* [Task instructions] In the data below, the copy begins at the line containing "Mini-gâteaux au fromage" and runs through the last line; repeat those lines exactly, minus the pictures.

* [Source data]
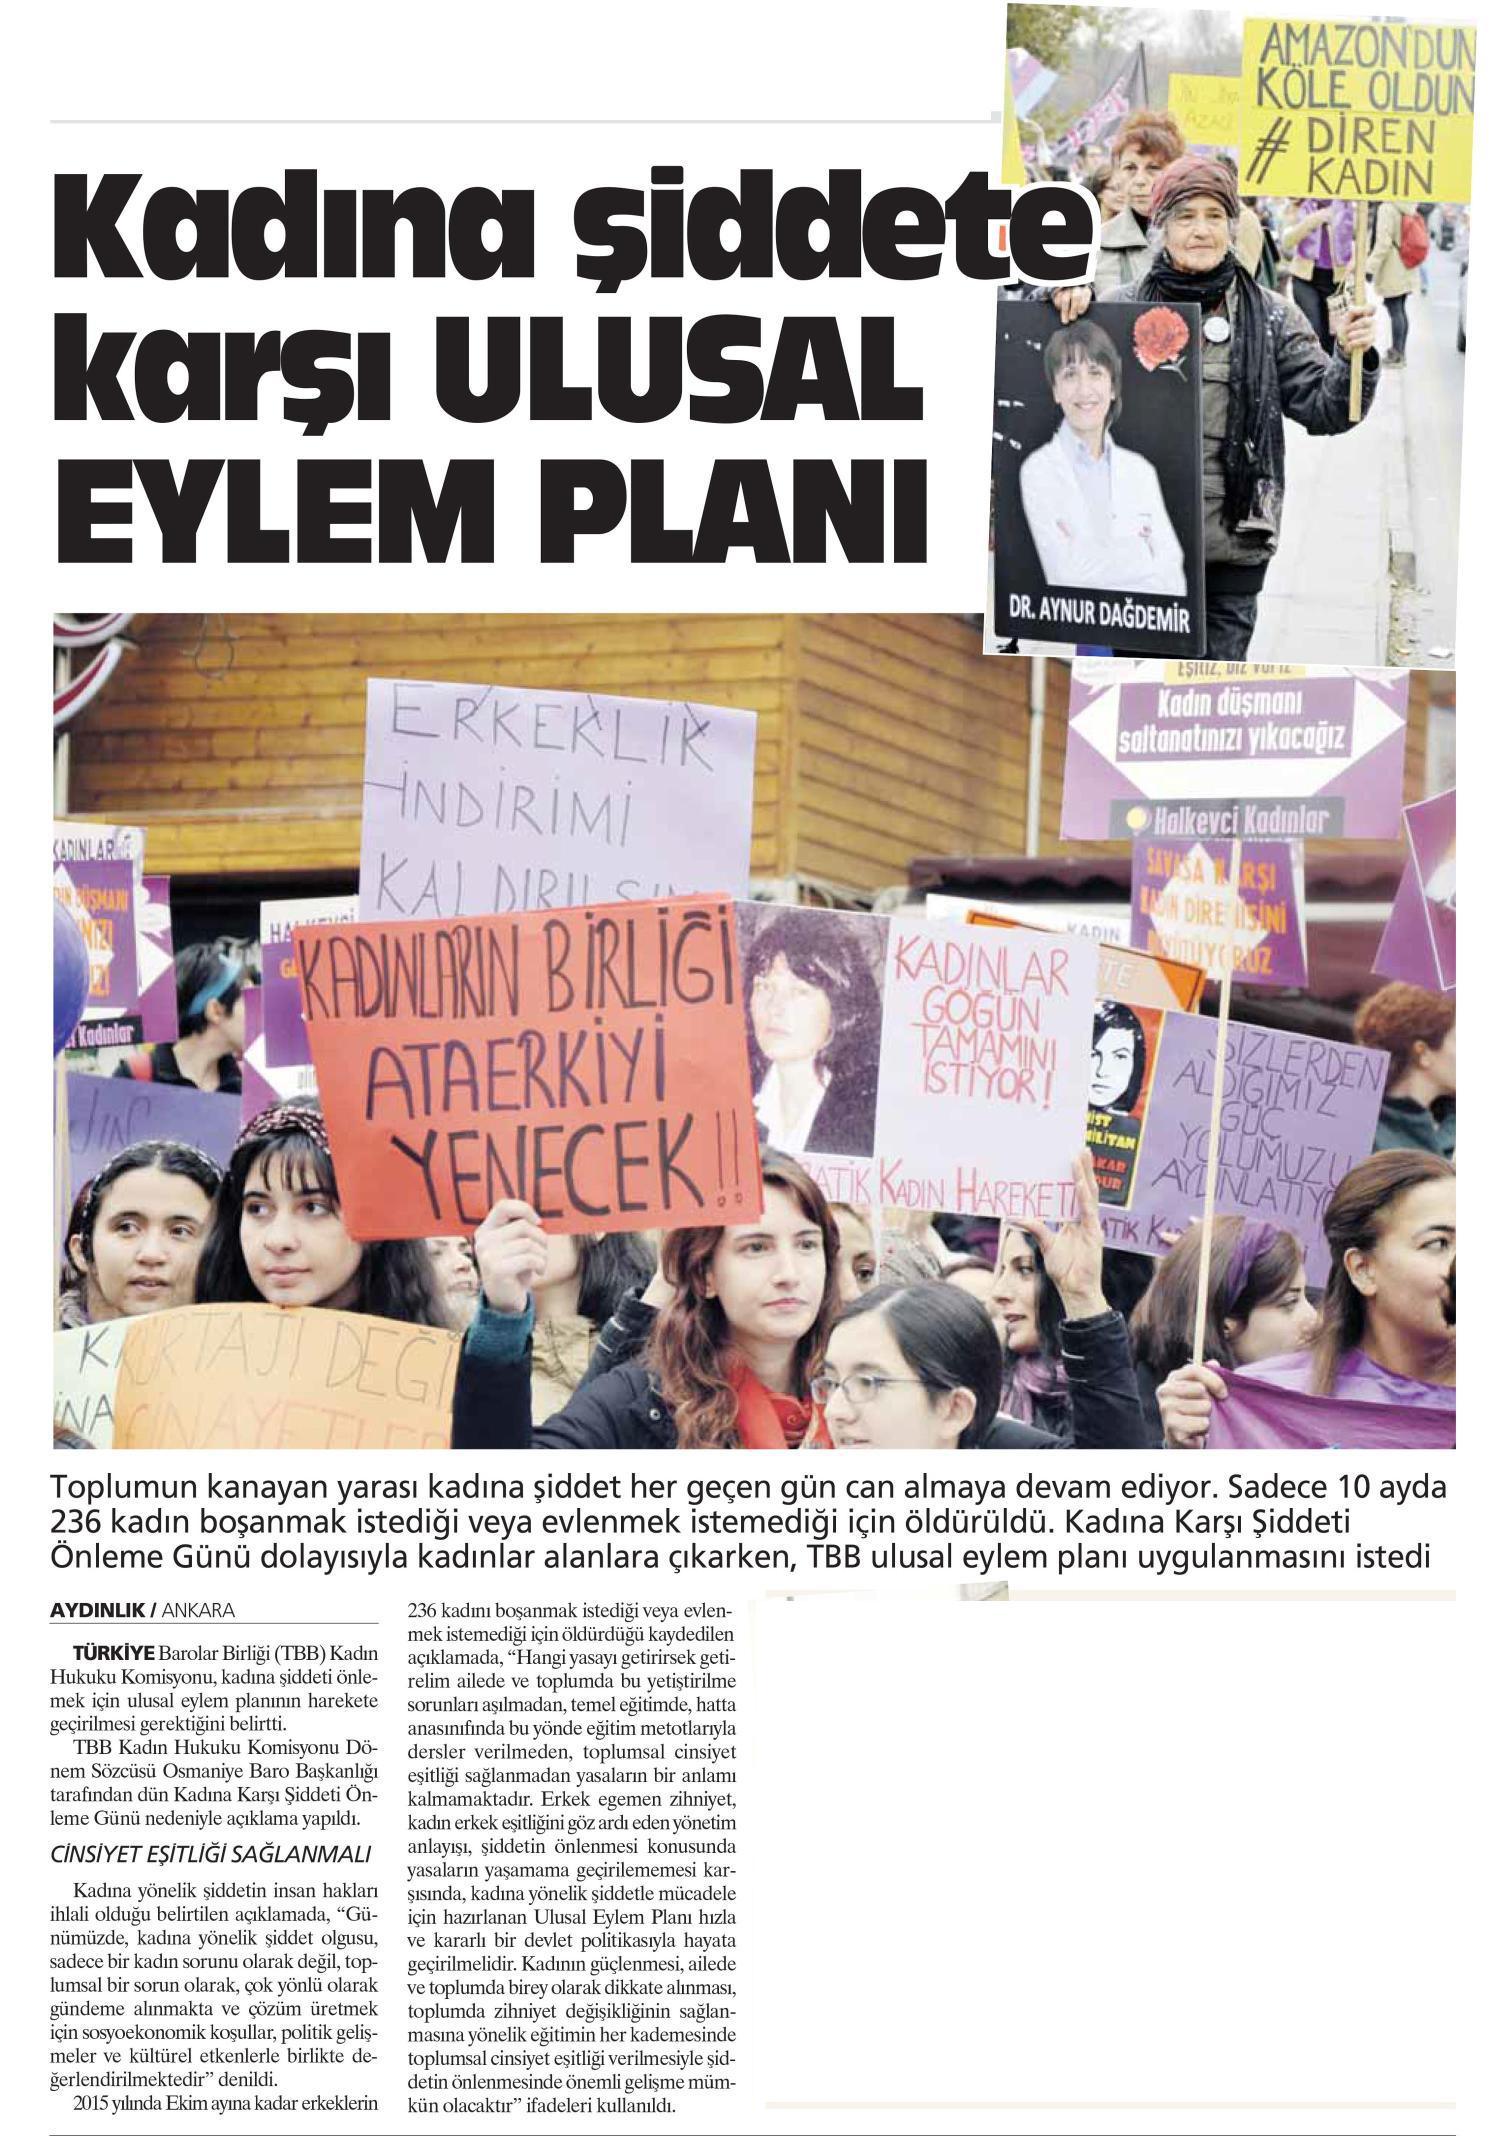 Ayd�nl�k Gazetesi, Kad�na �iddete kar�� ULUSAL EYLEM PLANI
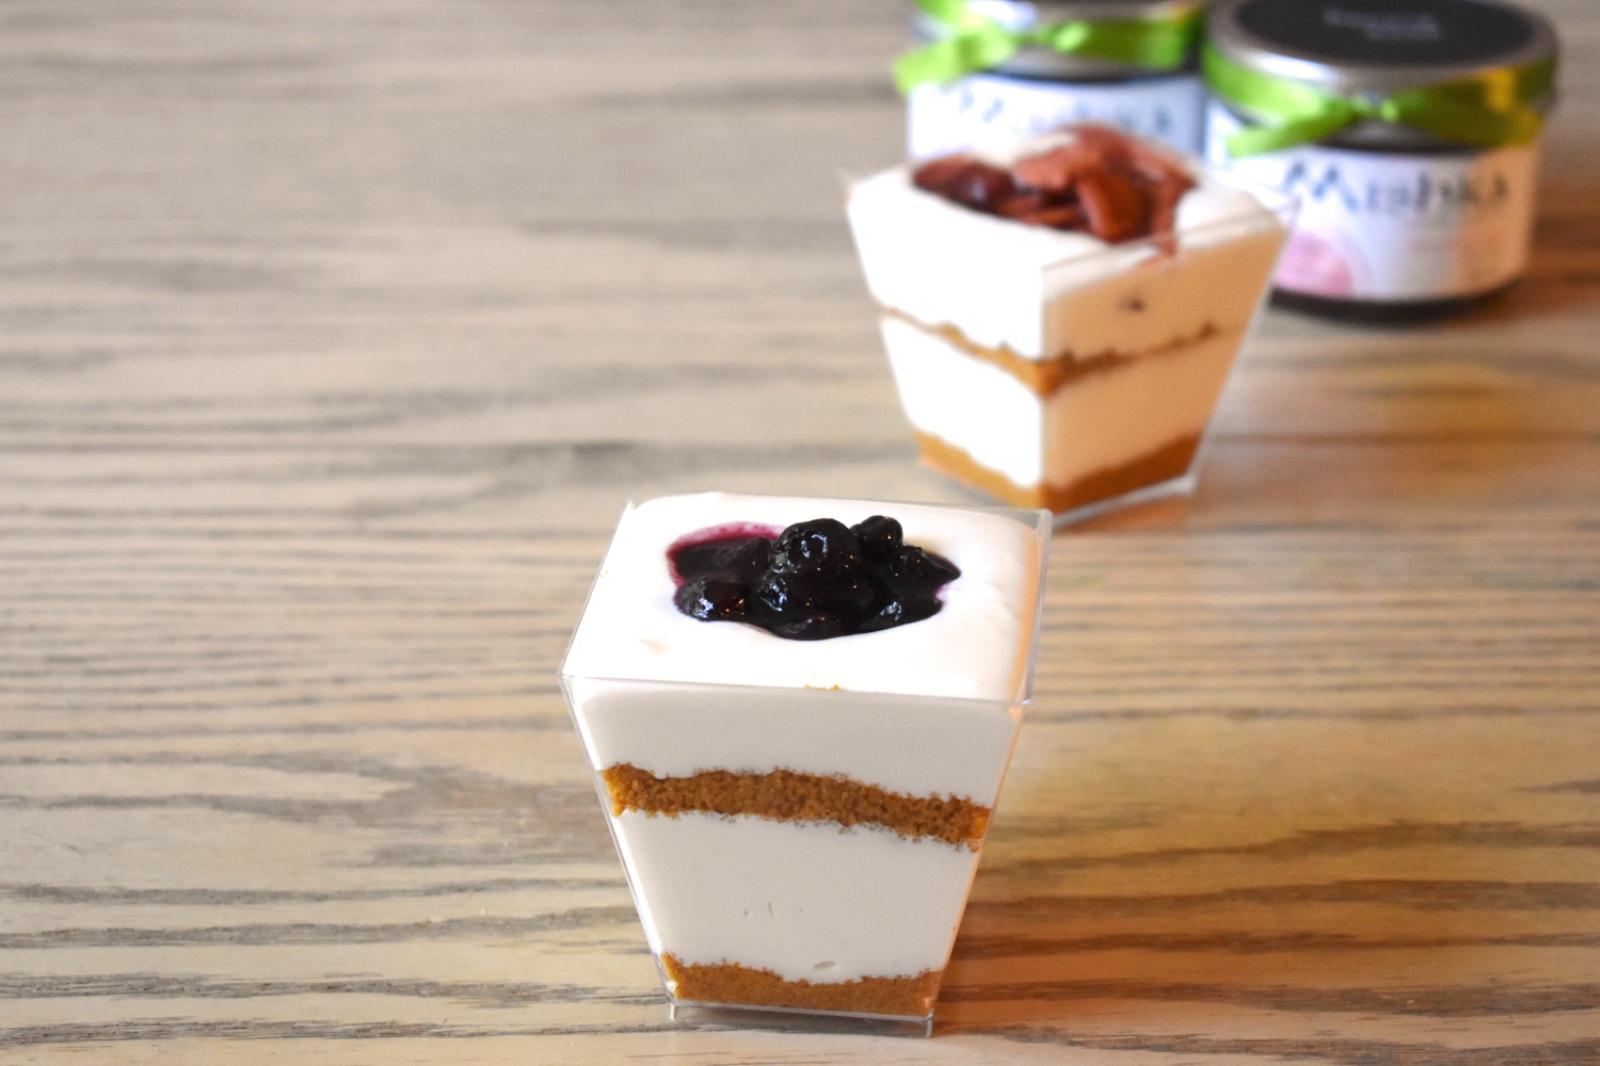 Mini-gâteaux au fromage sans cuisson - Auboutdelalangue.com (7)
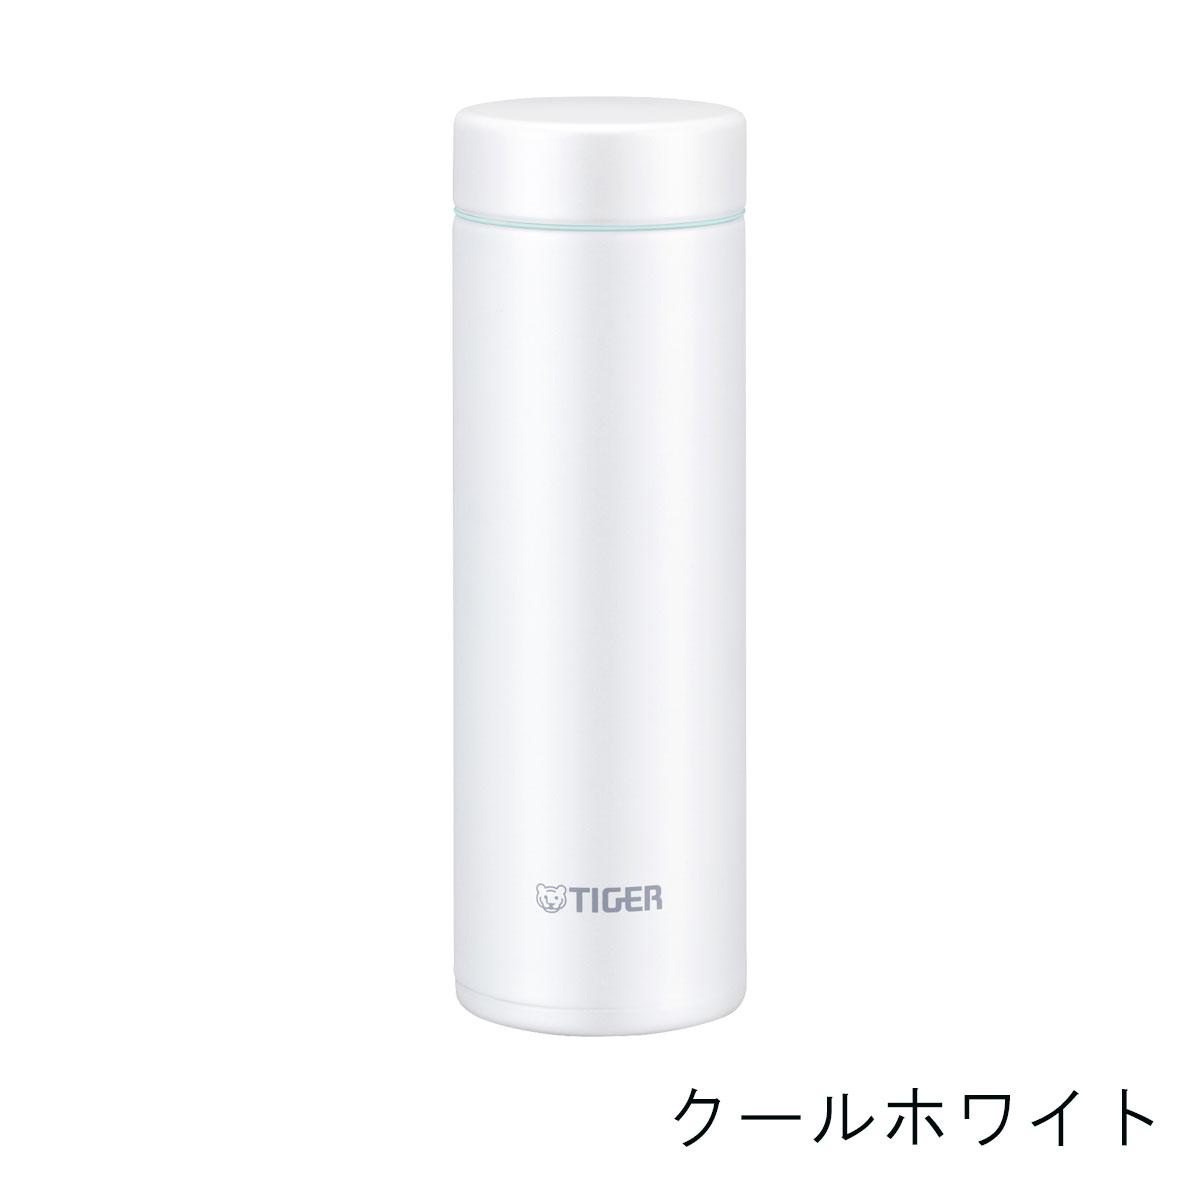 タイガー 真空断熱ステンレスミニボトル 300ml MMP-J031

* [Written answer]
 Mini-gâteaux au fromage sans cuisson - Auboutdelalangue.com (7)
 タイガー 真空断熱ステンレスミニボトル 300ml MMP-J031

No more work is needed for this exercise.